Additionally, markers for vitamin K status were measured. Circulating dp-ucMGP levels were determined in EDTA plasma, using the commercially available IVD CE marked chemiluminescent InaKif MGP assay on the IDS-iSYS system (IDS, Boldon, UK). The within-run and total precision of this assay were 0.8–6.2% and 3.0–8.2%, respectively. The assay measuring range is between 300–12,000 pmol/L and was found to be linear up to 11,651 pmol/L. Circulating PIVKA-II (ucFII), or protein induced by vitamin K absence/antagonism II, levels were measured using a conformation-specific monoclonal antibody in an ELISA-based assay [19]. Results were expressed as arbitrary units per liter (AU/l), because in states of vitamin K deficiency circulating ucFII may comprise multiple forms of partially carboxylated FII and neither their relative abundance in serum nor their relative affinity for the antibody is known.

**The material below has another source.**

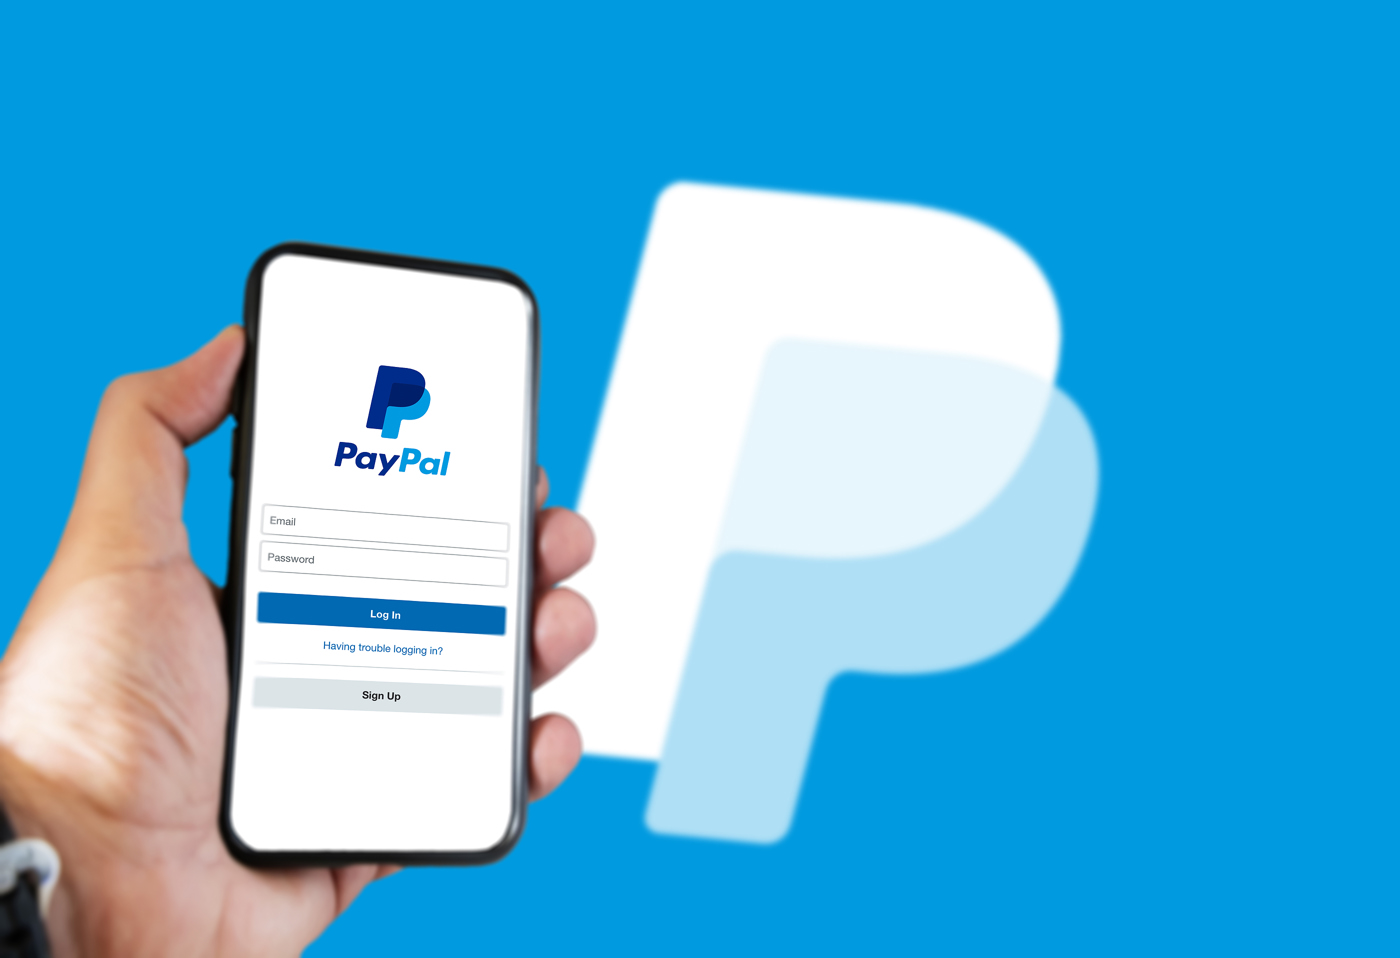 Paypal stock, PYPL stock, Paypal cryptocurrency

Using electrophoretic techniques 1 AU is equivalent to 1 μg of purified ucFII [20]. The detection limit was 0.25 AU/ml ucFII in serum.
Statistical analyses
Baseline characteristics were presented as means with standard deviations (SD) or medians with interquartile ranges (IQR) (in case of non-normally distributed variables) for continuous variables or proportions with number of cases for categorical variables, for SMART and DCS separately. Baseline variables were complete for 95% of the study population. Additionally, baseline characteristics were calculated according to the categories of femoral and crural calcification. Absolute level of agreement between the femoral and crural scores were calculated using a formula described by De Vet et al [21]. This formula was used since we wanted to estimate the absolute level of agreement rather than the relative measure, like the Cohen’s Kappa.

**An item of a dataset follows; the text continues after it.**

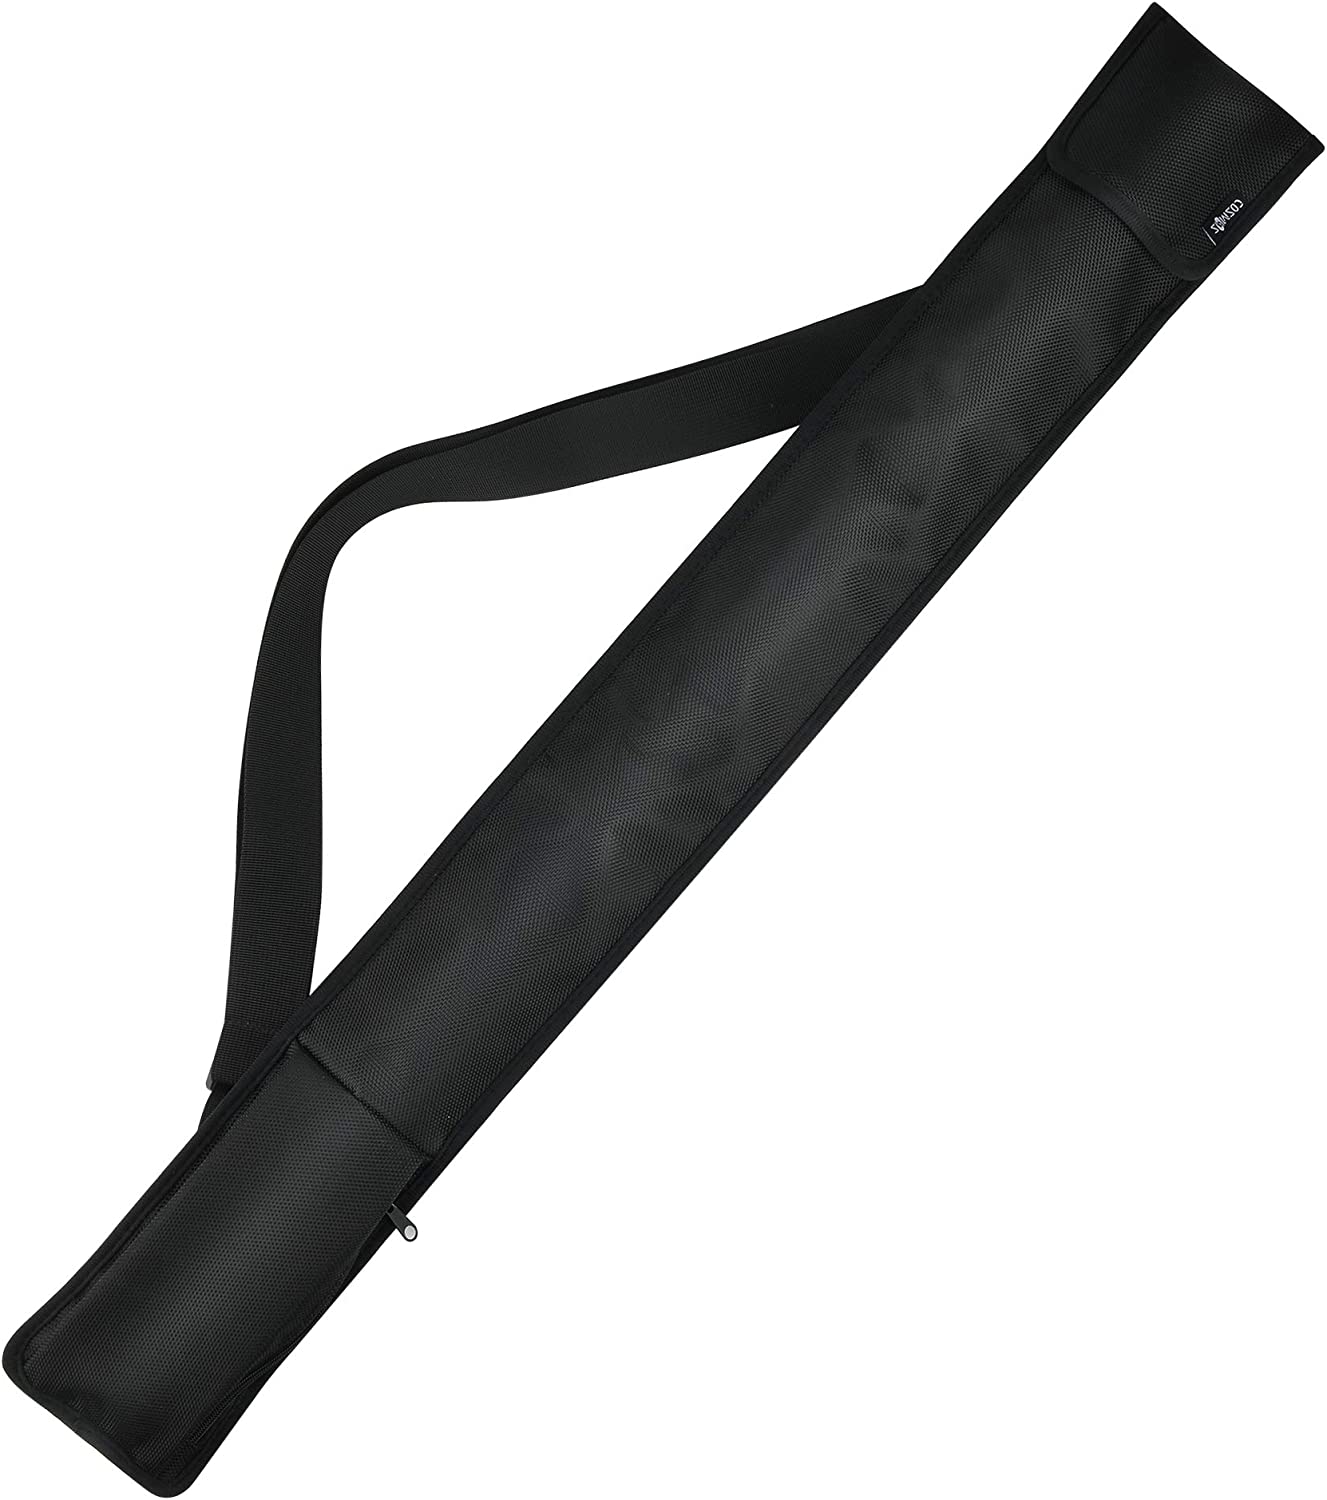 Carrying Case Bag for 1/2 Billiard Pool Cue Stick (Holds 1 Butt / 1 Shaft)

Risk factors for the different types of calcification were assessed, using multinomial logistic regression analyses, adjusted for age and sex and analyzed in strata of cohort. Presence of diabetes and pack years was assessed in the SMART cohort only. We assessed the risk of predominant IAC, predominant MAC and indistinguishable calcification with no calcification as reference category. To assess whether risk factors for predominant MAC differed from predominant IAC, we additionally performed logistic regression analyses, using MAC as outcome measurement with IAC as reference category, adjusted for age and sex and analyzed in strata of cohort. In sensitivity analyses, we investigated whether our results were robust to the proposed cutoff of 7 for determination of medial calcification by analyzing the data using a cutoff of 6 and 8 for medial calcification in the femoral artery.
Furthermore, we calculated means with standard deviations or medians and interquartile ranges for the biomarkers for the group with predominant IAC and MAC. Logistic regression analyses for the association between the biomarkers and MAC, compared to IAC were performed adjusted for age and sex and analyzed in strata of cohort.
All statistical analyses were performed using R, version 3.1.0 (R Foundation for Statistical Computing, Vienna, Austria.). Add-on package ‘nnet’ was used for multinomial regression analyses. A p-value of lower then 0.05 was considered statistically significant.
Results
The SMART cohort consisted of 81% males, with a mean age of 59.7 ± 10.3 years, while 66% was male in the DCS cohort with a mean age of 67.9 ± 9.1 years (Table 1). Baseline characteristics according to the calcification categorization are presented in S2 Table (by femoral score) and S3 Table (by crural score).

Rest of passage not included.